Римская цивилизация - Роберт Виппер 16 стр.


Помпею дали в 67 г. средства на постройку и снаряжение флота, с которым он разгромил пиратов Восточного моря, взял их прибрежные крепости и переловил их суда; только в рамках этих огромных материальных средств, доставленных римскими капиталистами, а не официальной государственной казной, и получает смысл то неограниченное полномочие, которое дали Помпею над водами, берегами и островами: иначе это imperium majus было бы пустым звуком. Только теперь, по очищении путей сообщения к азиатским областям, возможно стало посылать правильные подкрепления и придать Восточной войне окончательный решающий характер. И опять без капиталистов нельзя было обойтись, опять исполнить все, что требовалось, мог только Помпей. Цицерон, лучший оратор денежной аристократии, взялся укрепить их союз и своею знаменитой речью, составляющей восхваление римских ростовщиков и банкиров, раскрыл народу все выгоды азиатских доходов и все значение быстрого окончания азиатской войны и добился назначения Помпея главнокомандующим (66 г.).
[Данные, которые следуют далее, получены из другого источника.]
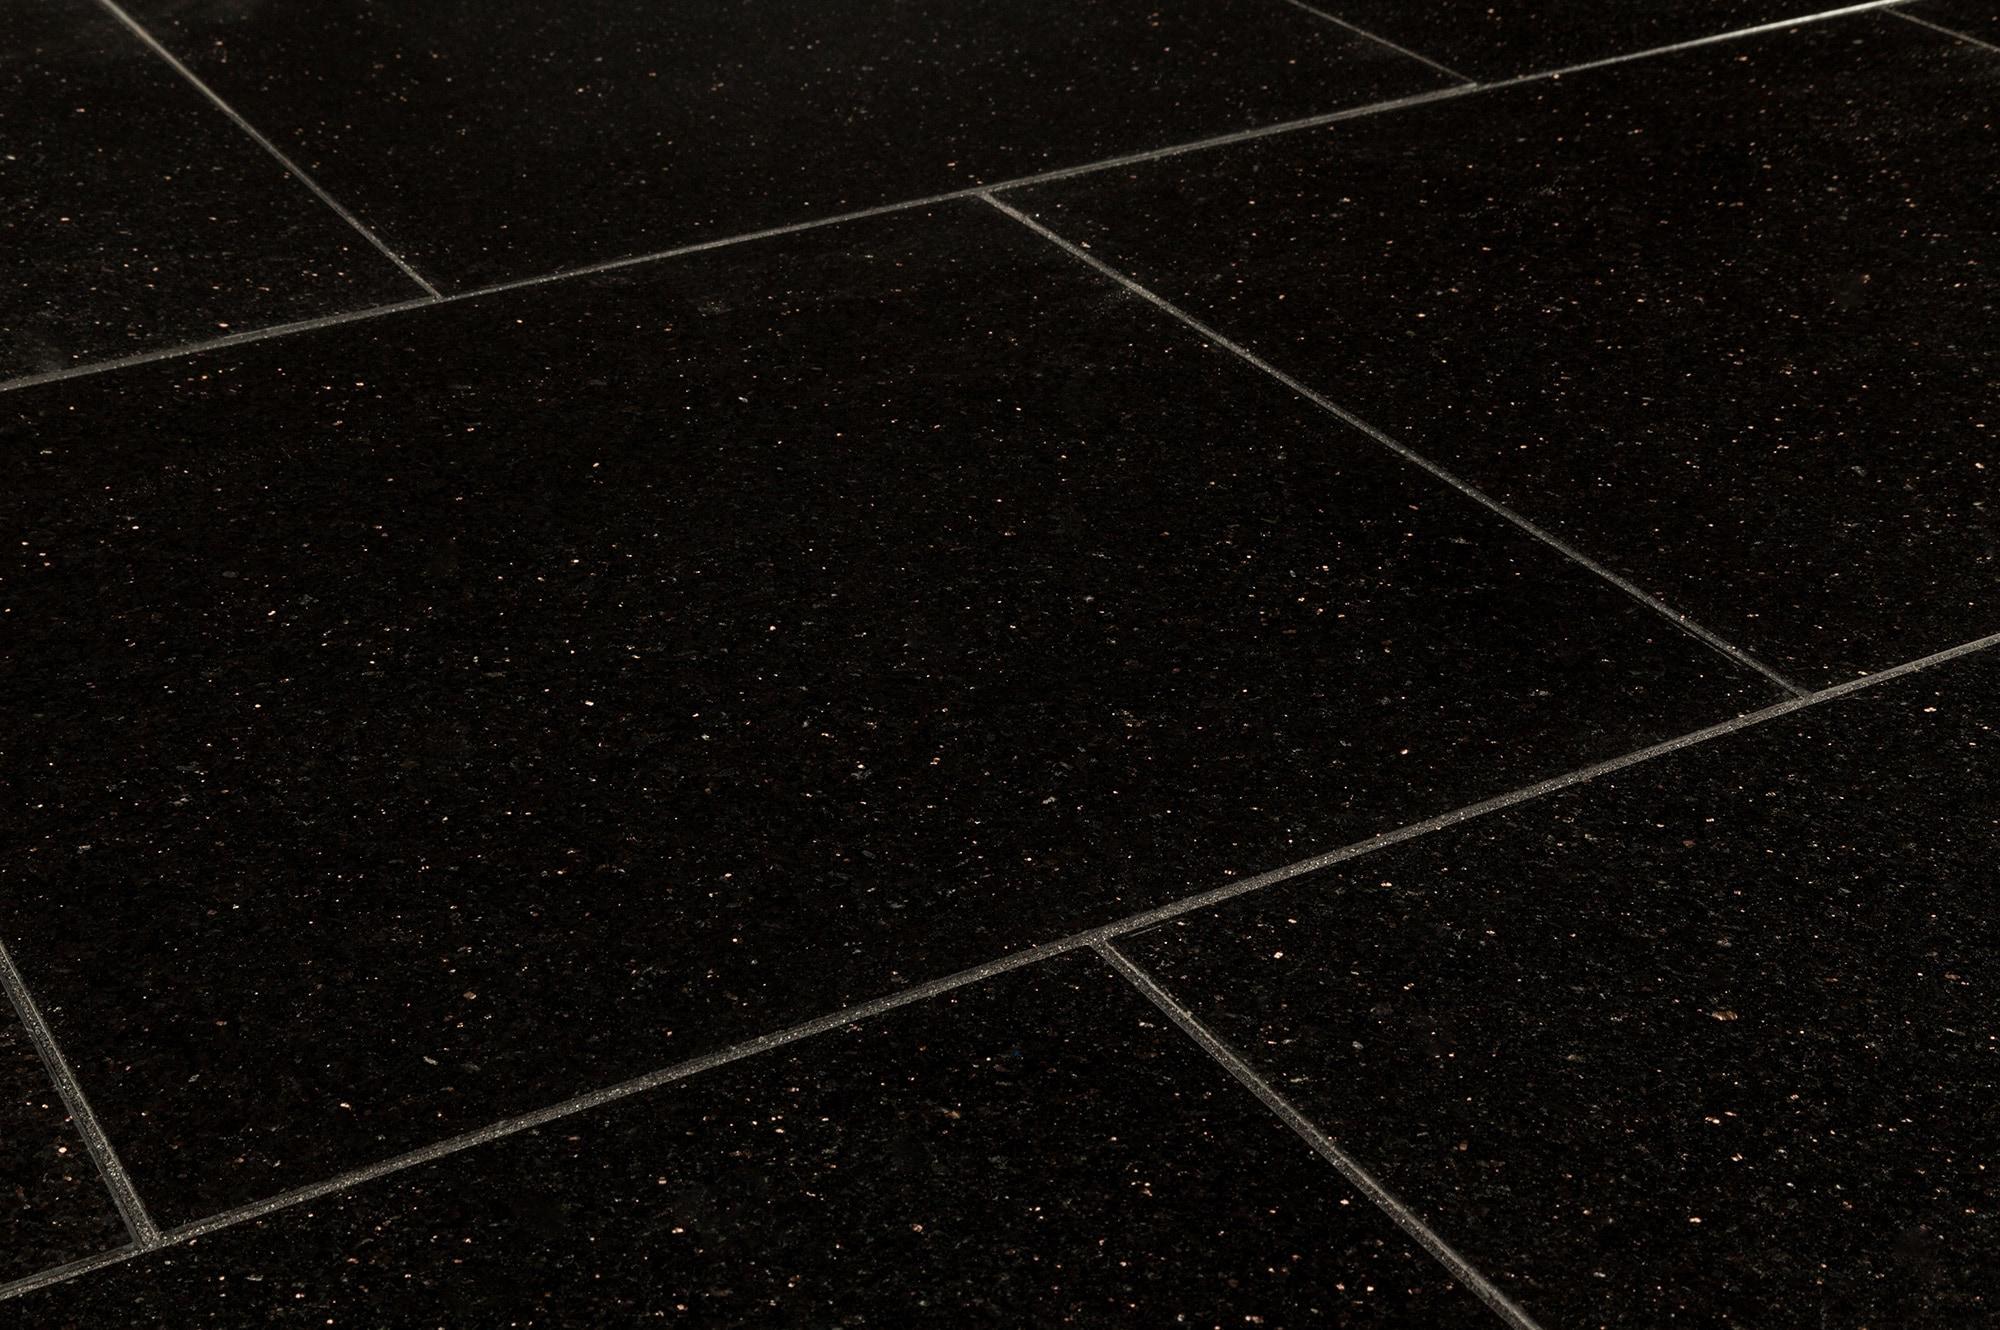 Agra granite tile pallavas collection black galaxy 18x18x12 agra granite tile pallavas collection black galaxy 18x18x12 polished dailygadgetfo Choice Image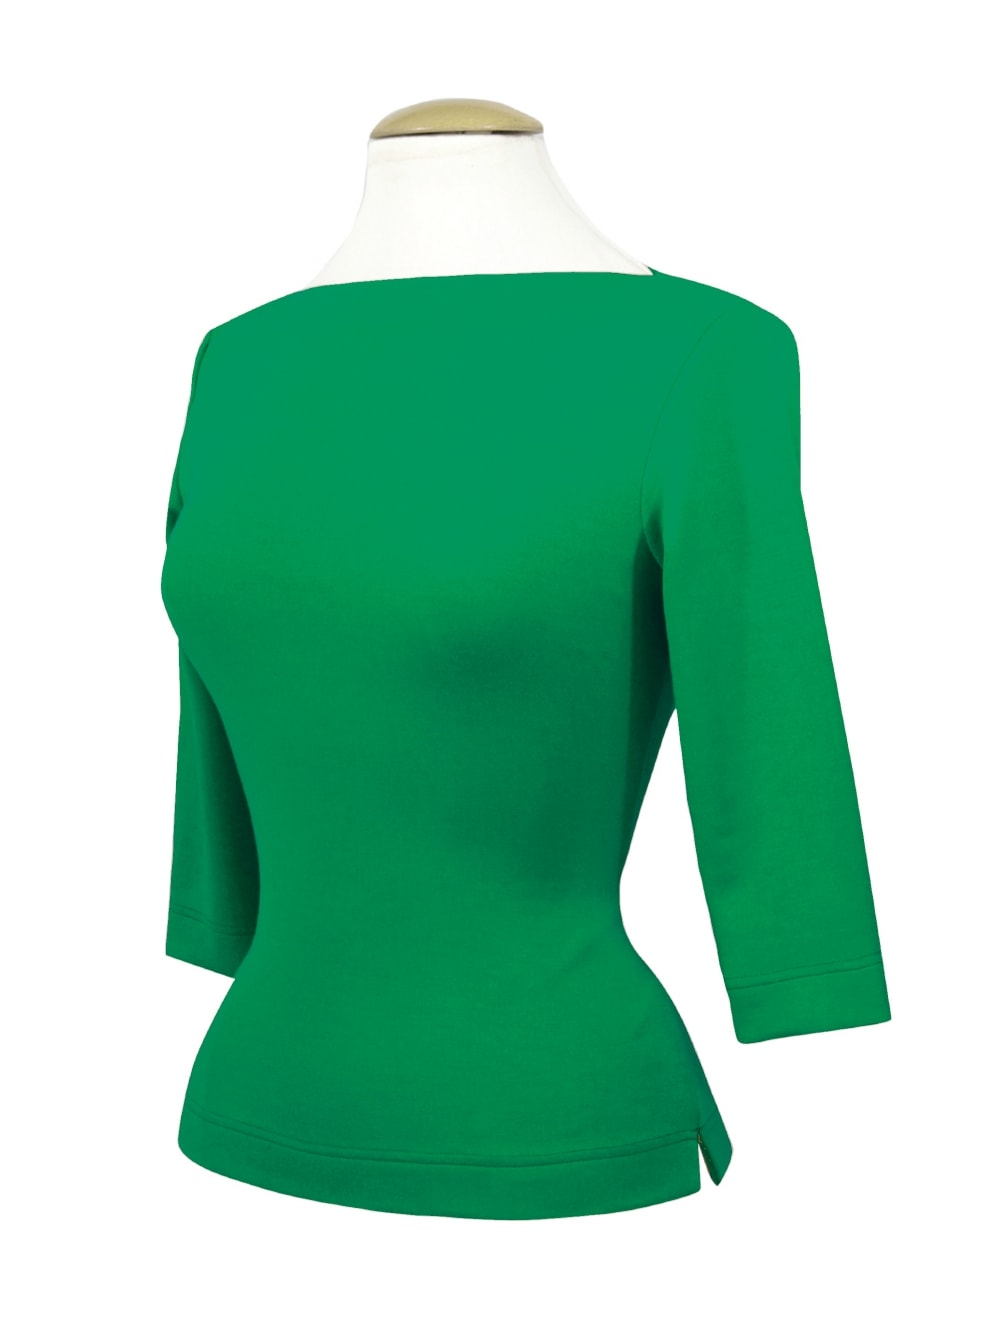 c985c38ab0359b Slash Neck Top Emerald Jersey from Vivien of Holloway

Преобладание денежной аристократии во внешней политике 60-х и первой половины 50-х годов составляет факт необыкновенно яркий. Опять компании откупщиков, крупных арендаторов доходных угодий, негоциаторов и ссудчиков двинулись в Азию. Одно за другим пошли присоединения значительных территорий. В четыре года, 66–62, были заняты римлянами на севере Вифиния и Понт, т. е. весь малоазийский берег Черного моря, на юге Сирия, т. е. берег Леванта до Египта вместе с внутренней областью до Евфрата; и аравийской степи. Территории Передней Азии, оказавшиеся как бы в тисках между этими новыми провинциями, Галатия и Каппадокия, обратились в вассальные княжества, зависимые от Рима. Захвачены были два больших острова восточной части Средиземного моря, Крит и Кипр, первый во время разгрома морской державы разбойников, второй десять лет спустя (56 г.). Руководящие круги денежной аристократии не упускали из виду и другой окраины, богатой и населенной Галлии. Начатое Цезарем в 58 г. завоевание Галлии, конечно, не было результатом его личной внезапной идеи. Его замысел не мог быть секретом для тех денежных людей, которые провели его в конце 60 года на выборах при помощи грандиозного подкупа, больше того: вероятно, план завоевания Галлии "Косматой", на которую из Галлии культурной жадно посматривали римские капиталисты, был подсказан ими. Иначе трудно представить, почему они решились поддерживать Цезаря, ненадежного политика, который вышел из марианской родни, потом перекинулся к сулланцам, к разоренным нобилям с Катилиной во главе, бросившимся на путь государственного переворота, и который теперь опять нуждался в помощи всадников, так как иначе немыслимо было пройти в консулы против консервативной аристократии.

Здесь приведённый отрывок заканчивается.